Slaughter for "freedom".
Quote. "A truly foolish adventure
proved a gigantic disaster by almost every measure.
What has been the human cost of the invasion? The most authoritative estimate of Iraqi civilian war deaths puts the figure at between 7376 and 9178. Since the formal end of hostilities a further 2200 or so Iraqi civilians have died at coalition hands. Strangely enough, no one knows, even approximately, how many Iraqi soldiers were killed. The humanitarian group Medact recently suggested that the number might be as low as 13,500 or as high as 45,000.
Coalition casualties are precisely known. More than 400 soldiers have died. Recently, the Pentagon revealed that 9000 US soldiers had been evacuated as a result of serious injury or illness, 2000 because of war wounds, 500 because of psychiatric breakdown.
What, then, beyond their casualties, have the Iraqi people experienced since the invasion?
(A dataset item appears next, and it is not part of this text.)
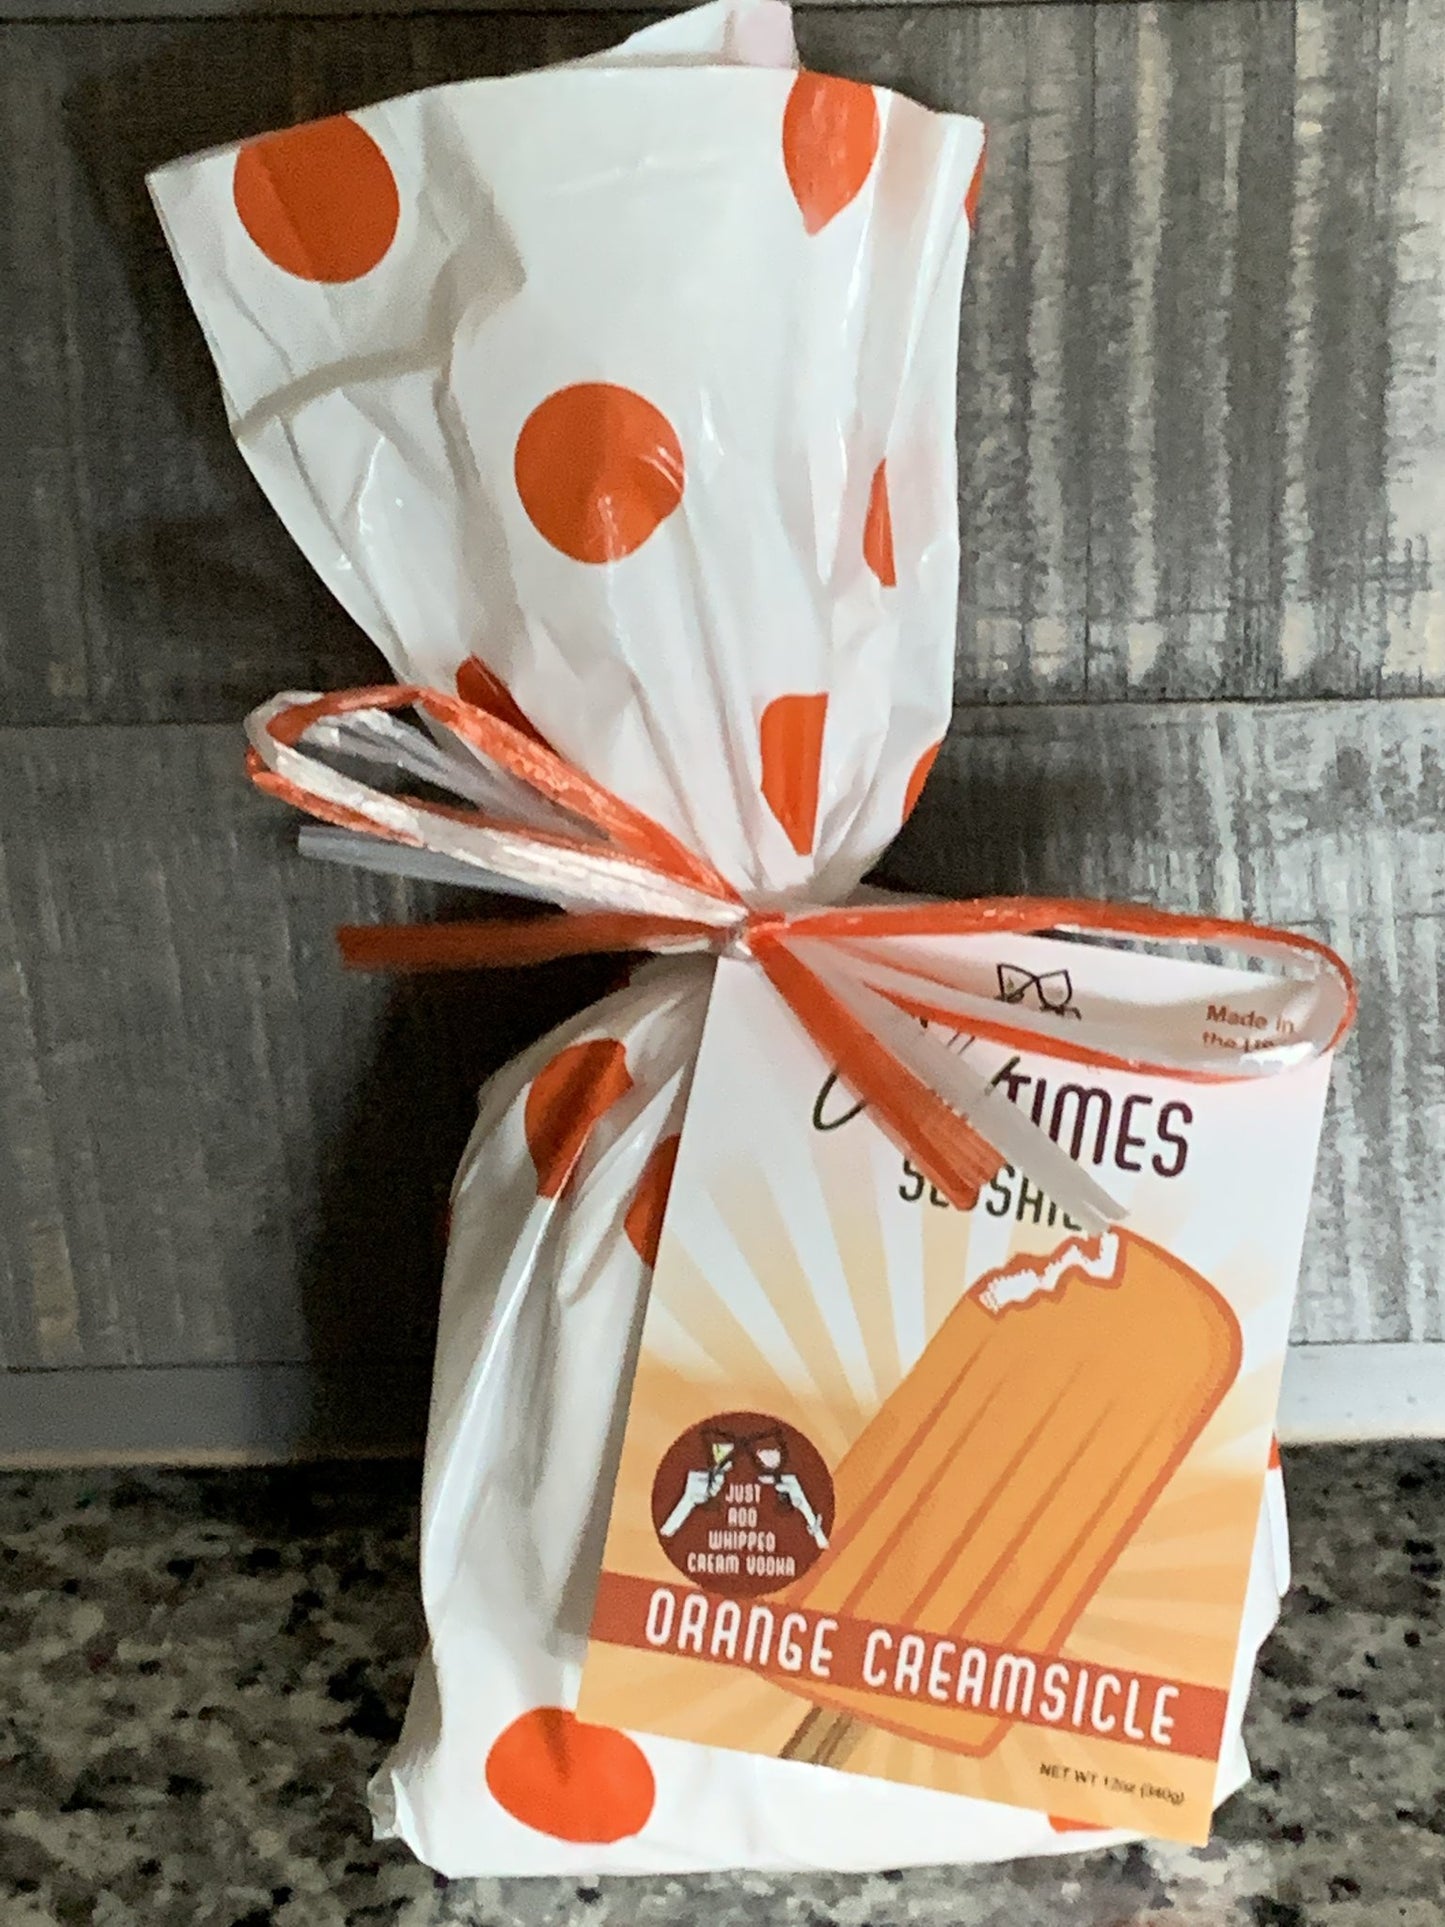 orange creamsicle slushie mix package displayed on a granite countertop

According to US occupation authorities, supplies of electricity and clean water have now finally reached their (dismal) pre-invasion levels. Urban Iraq faces massive unemployment. According to one common figure, 60 per cent of young men in Baghdad have no work. Health problems of Iraqis seem even worse than before the invasion; that is, after a decade of crippling economic sanctions.
These problems are overshadowed in the daily life of urban Iraqis by something quite new. Before the invasion Saddam Hussein set free 100,000 hardened criminals. The occupying powers subsequently dismantled Iraq's army and most of its police. Iraq is awash with weapons. The consequence of all this is the near-total breakdown of law and order. In a recent Gallup poll, 94 per cent of Iraqis said they felt more insecure now than under Saddam; 86 per cent said they or their families felt fearful about leaving their homes at night.
An enterprising American journalist, Jerry Fleischmann, visited the Baghdad morgue in September. He discovered that while before the invasion the morgue investigated 20 firearms deaths a month, in August 2003 it investigated 581. A British journalist, Suzanne Goldenberg, recently examined the post- invasion situation of women in Baghdad. She heard story after story of vicious assault and rape. "Under US occupation," she concluded, "working women have reordered their lives, wearing hijab for the first time, or travelling with male relatives. Some barely venture out at all."
Through opinion polls we now know a great deal about what the people of Iraq think of the invasion of their country. According to the recent Gallup poll, 43 per cent believe America invaded to "rob Iraq's oil"; 37 per cent to get rid of Saddam Hussein; 6 per cent to change the Middle East in the interest of Israel; 5 per cent to assist the Iraqi people; 4 per cent to destroy WMDs; 1 per cent to introduce democracy.